Perundingan lanjutan rencananya akan dilangsungkan di Islamabad, Pakistan, segera setelah hambatan militer di perairan internasional tersebut dihilangkan. Iravani menyebut Iran telah menyiapkan berbagai langkah untuk menghadapi dinamika hubungan kedua negara ke depan.

"Segera setelah mereka mencabut blokade, negosiasi babak selanjutanya akan digelar di Islamabad (Pakistan). Iran siap untuk skenario apa pun," kata Amir-Saeid Iravani.

Pihak militer Amerika Serikat sebelumnya telah melakukan pencegatan akses kapal menuju pelabuhan Iran sejak pekan lalu. Langkah ini diambil karena Teheran dinilai belum menunjukkan itikad untuk menyepakati perjanjian damai secara menyeluruh.

Donald Trump menuntut agar Iran sepenuhnya menghentikan program nuklir dan menyudahi segala bentuk blokade di Selat Hormuz. Meski demikian, Iravani menekankan bahwa posisi Iran saat ini hanya bersifat defensif dalam menghadapi agresi.

"Kami bukanlah inisiator agresi militer. Jika mereka mencari solusi politis, kami siap. Jika mereka menginginkan perang, Iran juga siap," kata Amir-Saeid Iravani.

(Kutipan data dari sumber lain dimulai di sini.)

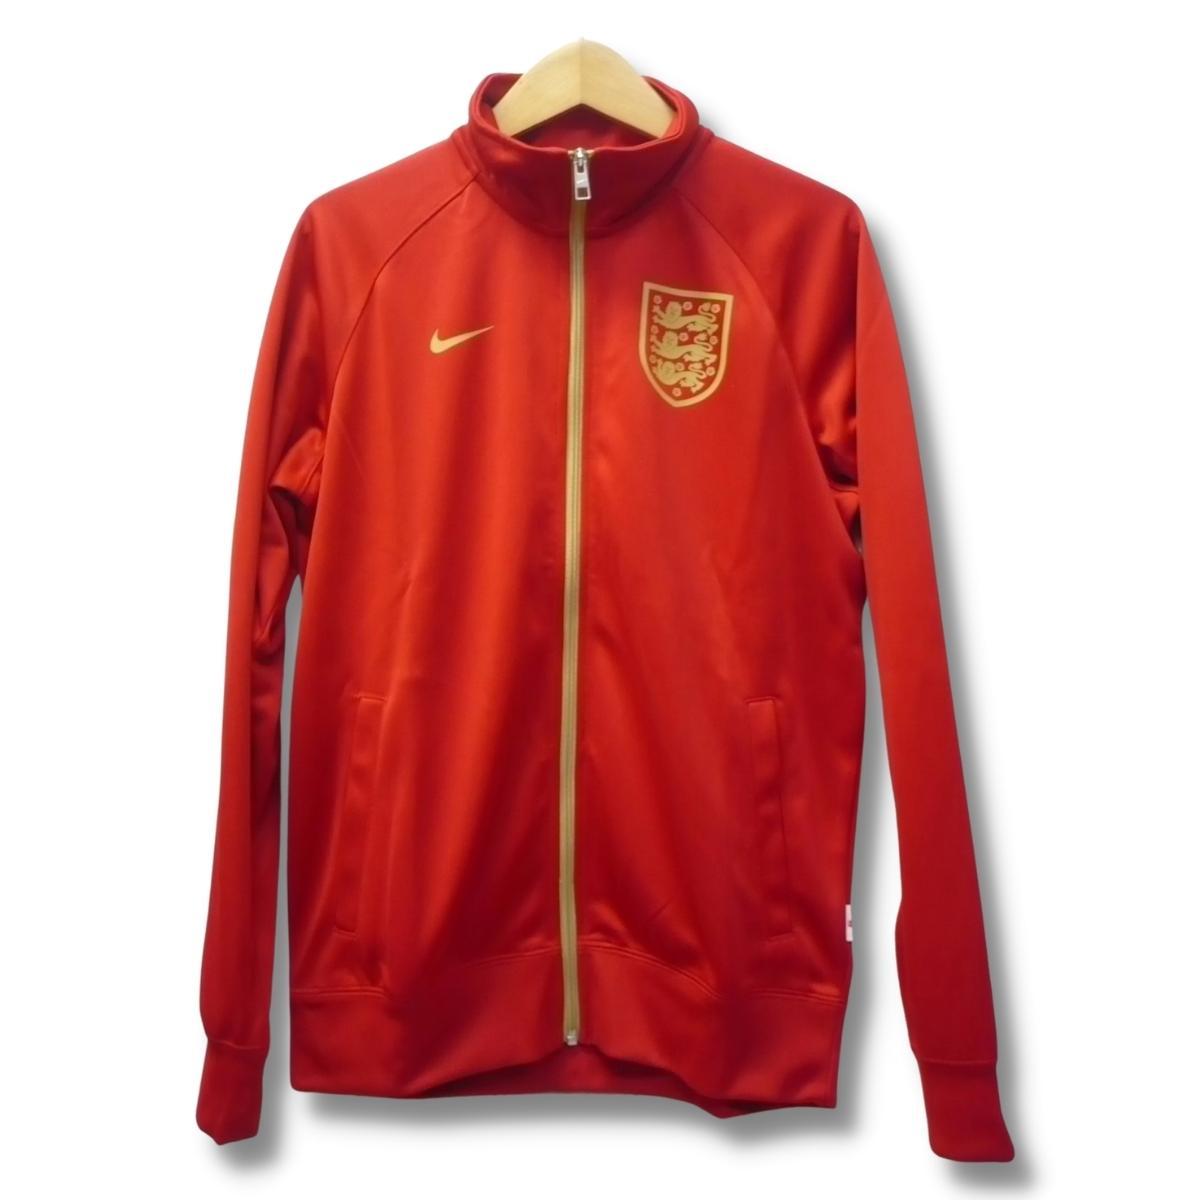 即決☆ナイキ イングランド トラックジャケット RED/Lサイズ 送料無料 国内正規品 ジャージ 英国 サッカー レッド 赤
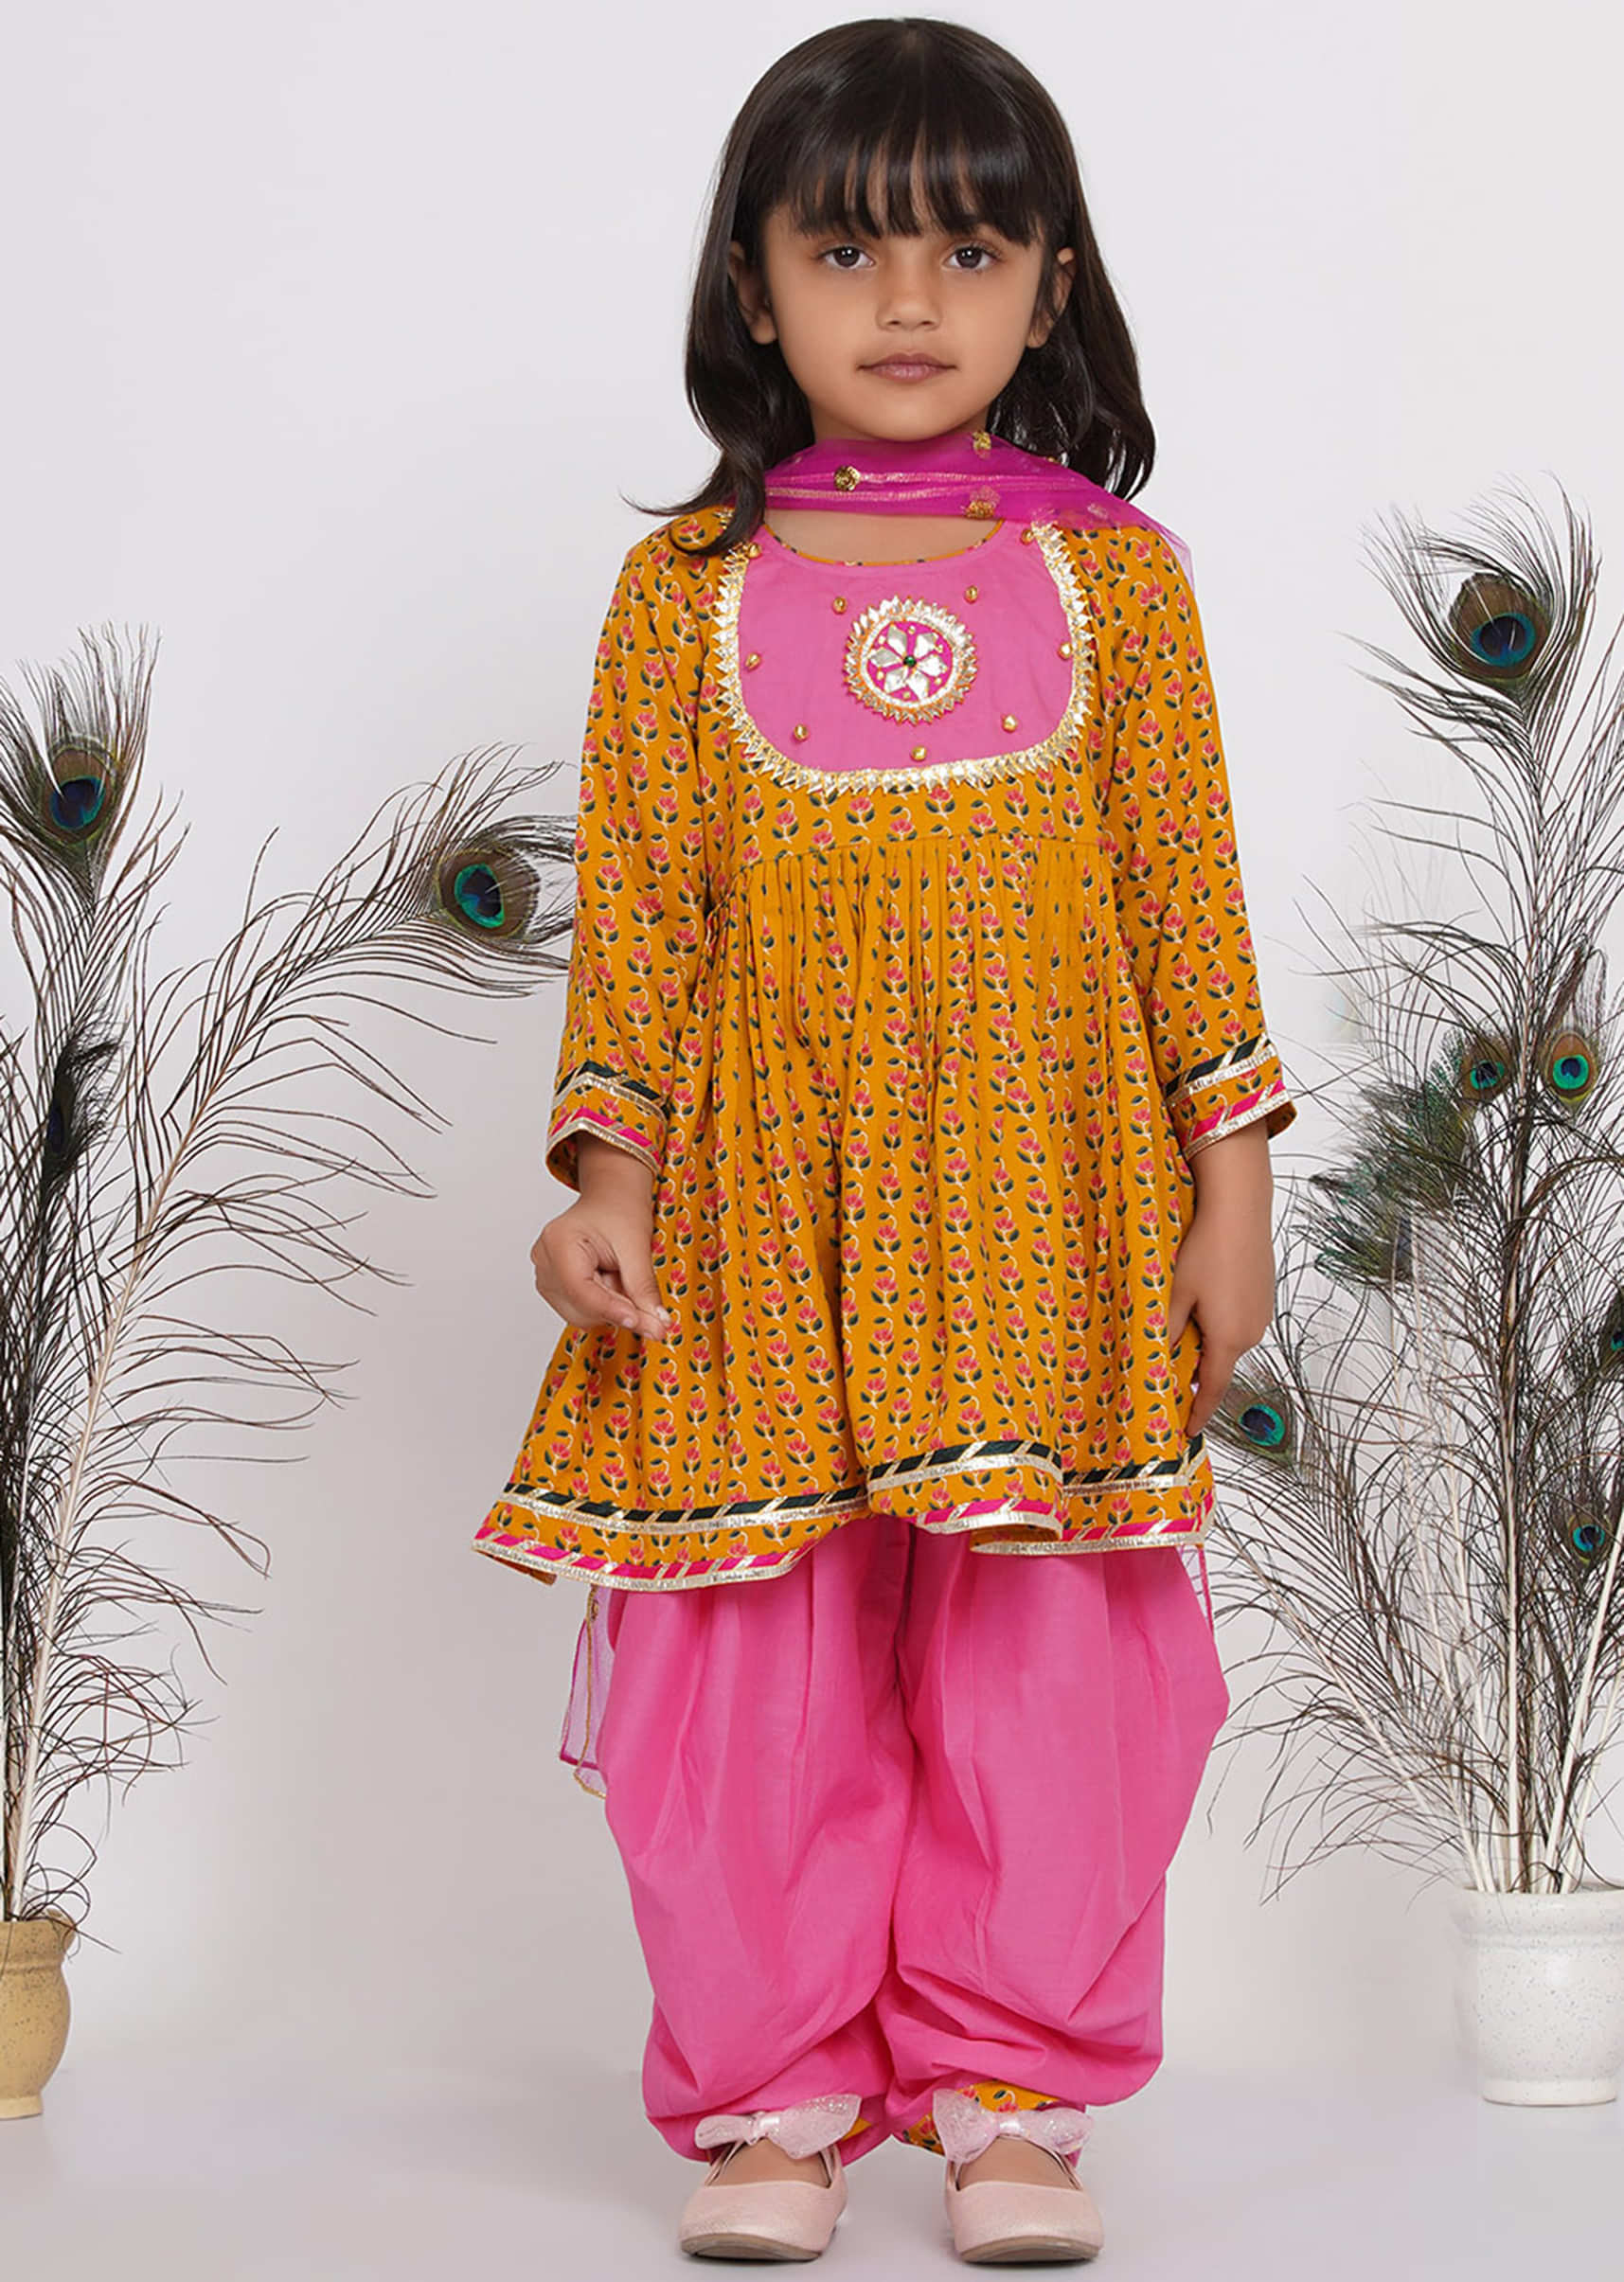 Kalki Girls Pink Jaipuri Salwar Suit With Dupatta

Pakistan saat ini bertindak sebagai mediator yang mendorong perpanjangan gencatan senjata tersebut di tengah ketidakpastian. Hingga kini, otoritas resmi Iran belum memberikan pernyataan tambahan terkait durasi pasti perpanjangan gencatan senjata yang diumumkan secara sepihak oleh Trump.